5.2.3.6 Review of the First objective: Varying time limit
In the experiments of section 5.2.3.2 there was no limit in computation time, in the hope that the solver could eventually find optimal solutions. In this section, three additional time limits are used for instances with 25 and 50 visits. The time limits are 15 minutes, 60 minutes and 240 minutes. The need for repeating the experiments with an specific time limit was to obtain more information regarding instances that run out of memory in the previous section. 5.2.3.2.
Results from section 5.2.3.5 for instances with TTC with time limit of 15 minutes are re-used here. There are 79 instances for which the solver timed out after 15 minutes providing no result, for those instances only the time limit is increased to an hour. Table B.3 (see Appendix B section B.3) shows detailed results of individual instances. The solver only found three instances with new feasible solutions. Figure B.11 (Appendix B) shows the gap reduction of the three instances, notice how the x-axis starts around 2000 seconds.
There are still 76 instances for which the solver does not provide any information apart from the lower bound. A third increase in time limit is performed (240 minutes). The number of minutes is chosen to maintain the same ratio (four times) as for the previous two set of experiments (15 to 60) and (60 to 240). Table B.4 (see Appendix B section B.4) contains detailed information for each instance. The solver found 16 new feasible solutions. The new results belong to all groups except R100. Figures B.12, B.13 and B.14 also in Appendix B illustrate the gap reduction for the 16 instances. Among all groups R100 contains instances with shorter time horizon with respect to the other groups. The duration of the time horizon is equivalent to employees working time. In other words, instances in R100 have the same work with less resources (employees- hours). For the same reason six out of seven infeasible instances belong to that group R100.

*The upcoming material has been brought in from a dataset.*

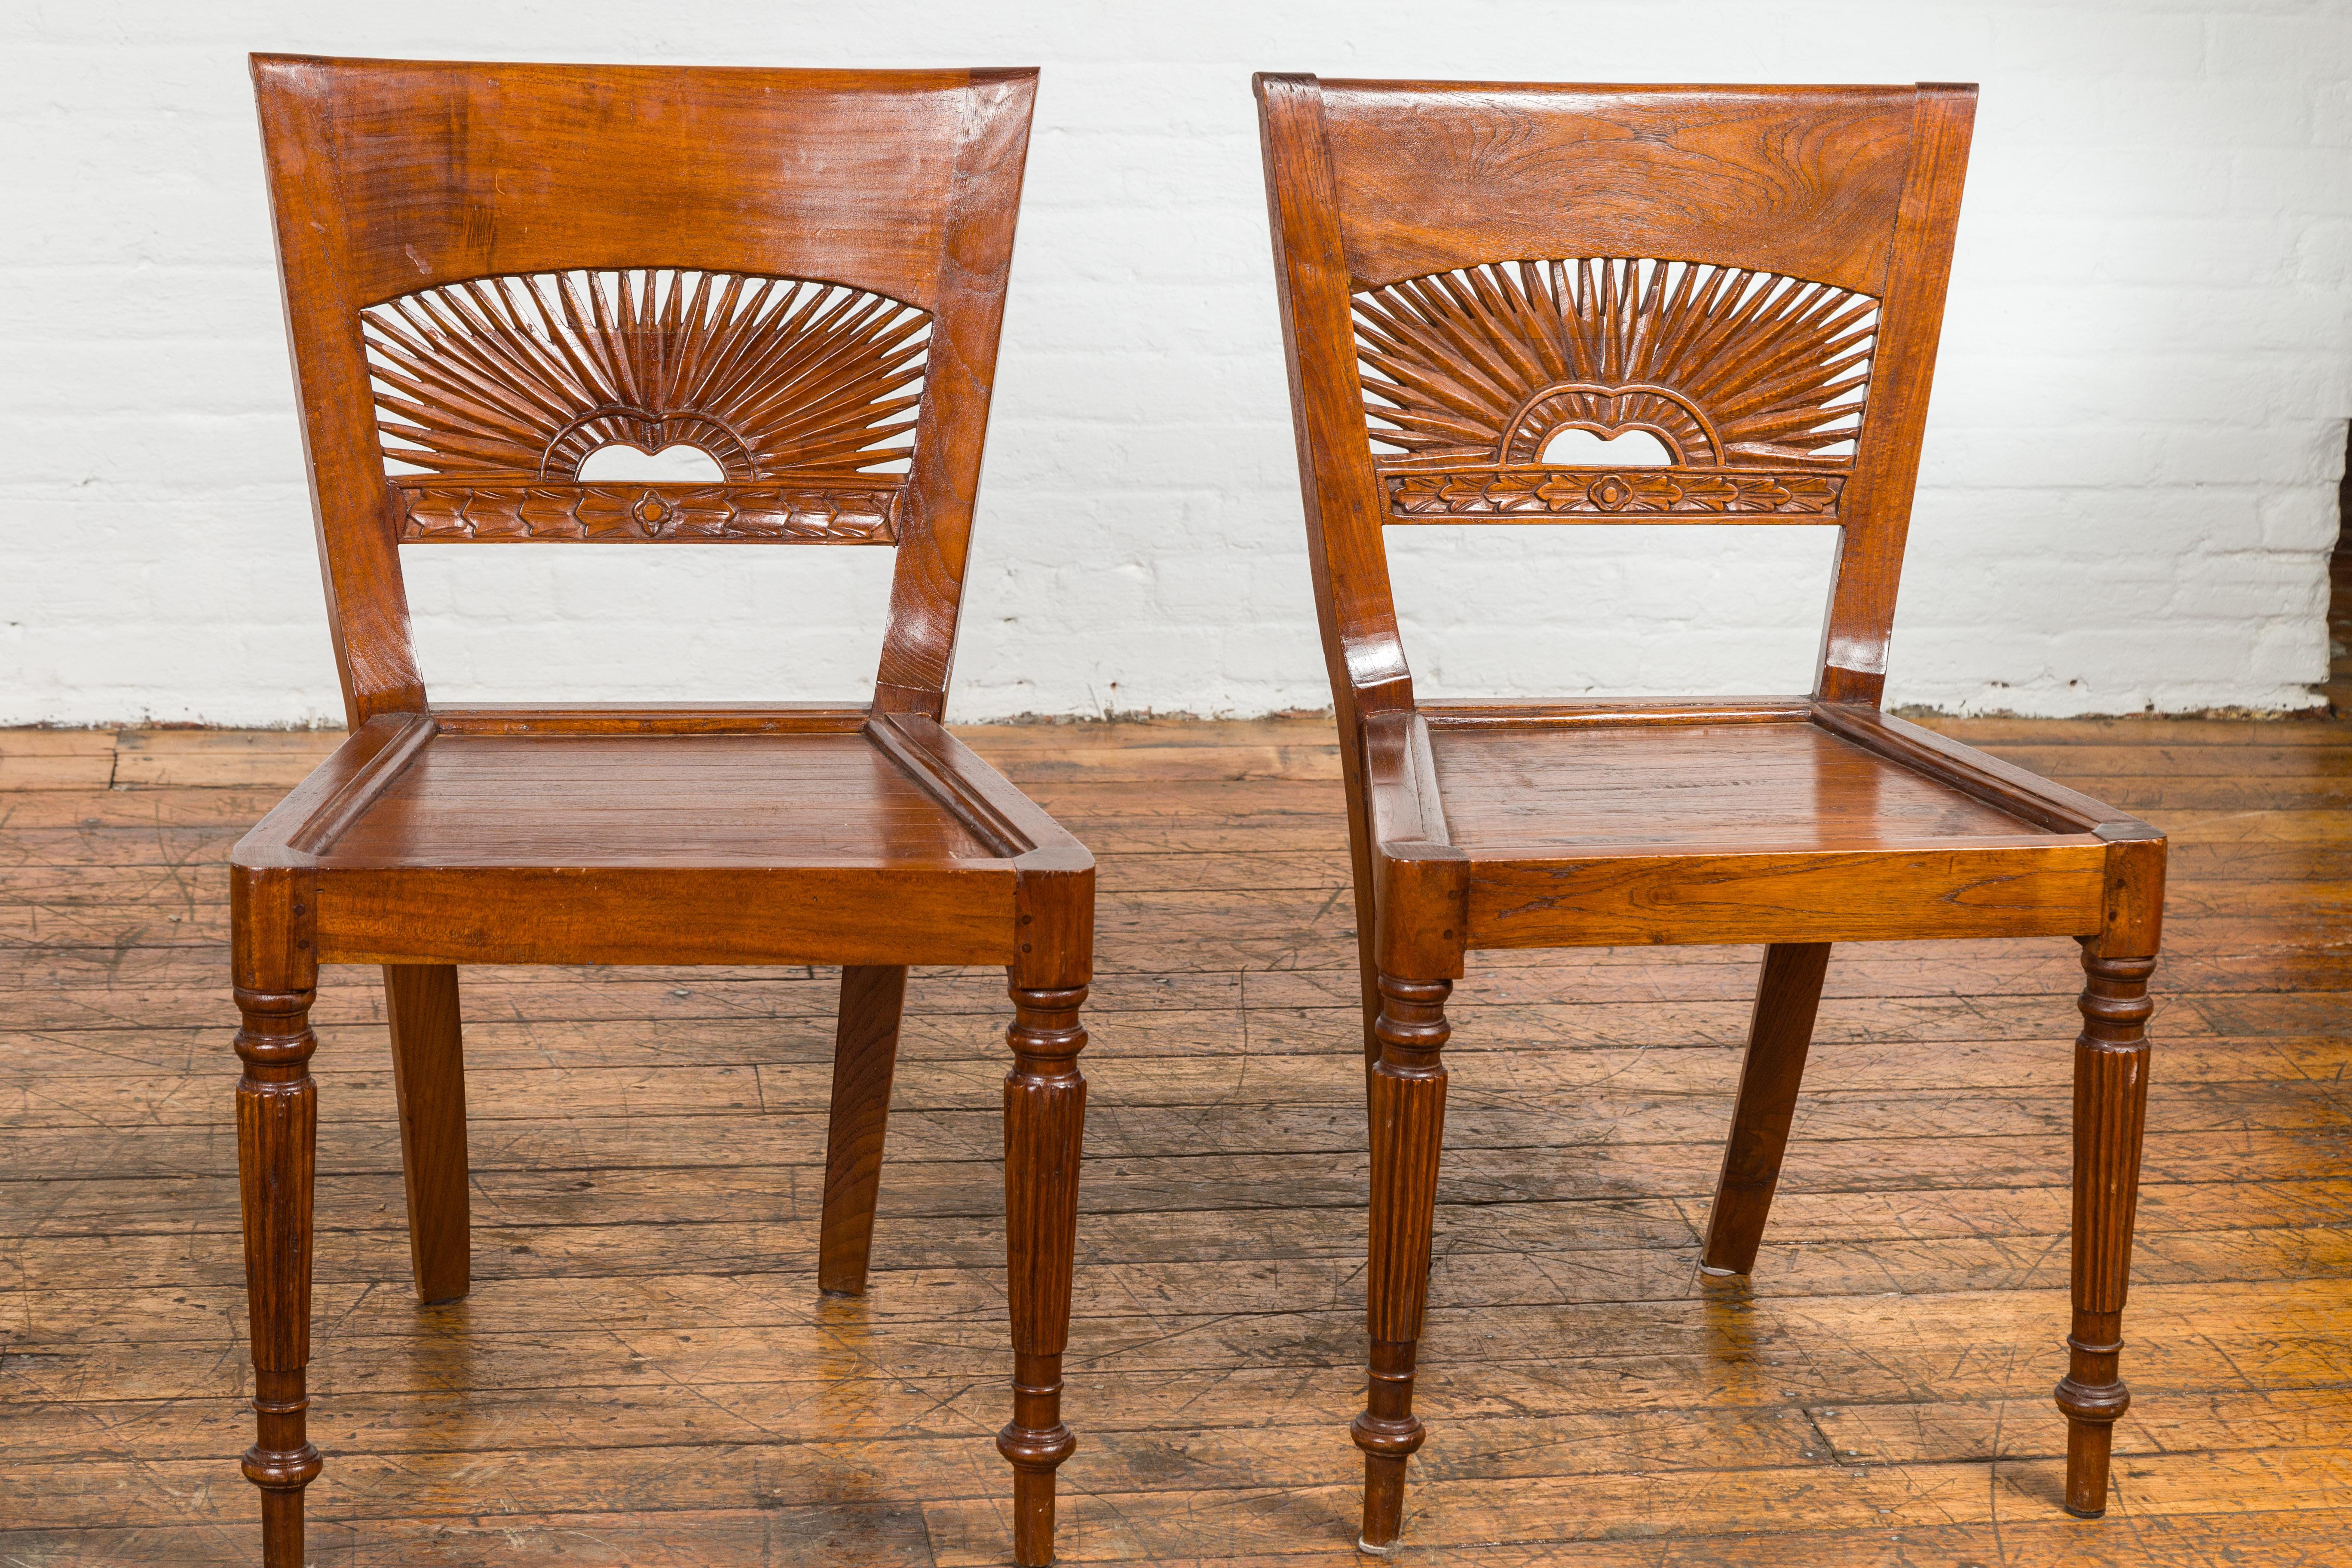 Dutch Colonial Teak Dining Room Chairs with Carved Radiating Backs, Set of Six For Sale 7

5.2.3.7 Tackling the Third objective: Gurobi results
Gurobi provides information regarding the current gap achieved while performing the optimisation. In the experiments, Gurobi is set up to report the gap reduction every 15 seconds. When a gap reduction is achieved, the method used is reported by the solver. The objective in this set of experiments is to identify which method is used by Gurobi when finding better solutions for each instance. For every new feasible solution Gurobi reports whether the solution was found by branching or by heuristics as specified in the reference manual of the solver Inc. (2013). If most of the time new feasible solutions are found by heuristics, it would justify developing a tailored one for WSRP. In all previous experiments, without exemption Gurobi found more gap improvements when using heuristics. It is expected that MIP heuristics find more feasible solutions than the branching process for the VRPTW. The adaptations to the data set and modification of the VRPTW model to tackle WSRP have similar results. In fact, the number of times a heuristic within Gurobi finds a better solution is in general larger for instances that include the additional constraints in the WSRP instances.
Table 5.3 summarises the number of times a gap reduction was achieved for every group of instances in all experiments. The table has four rows but split in two parts vertically, each part has three groups of instances. Note that the second row in each part, marked with (*), refers to all instances without the teaming and time-dependent activities constraints. The third row in each part shows the 79 instances that timed out after 15 minutes in the first set of experiments but then executed for up to 60 minutes. The number in parentheses after the time limit is the number of instances used in that set of experiments. In all groups there are more gap reductions achieved by heuristics than by branching (H/B values).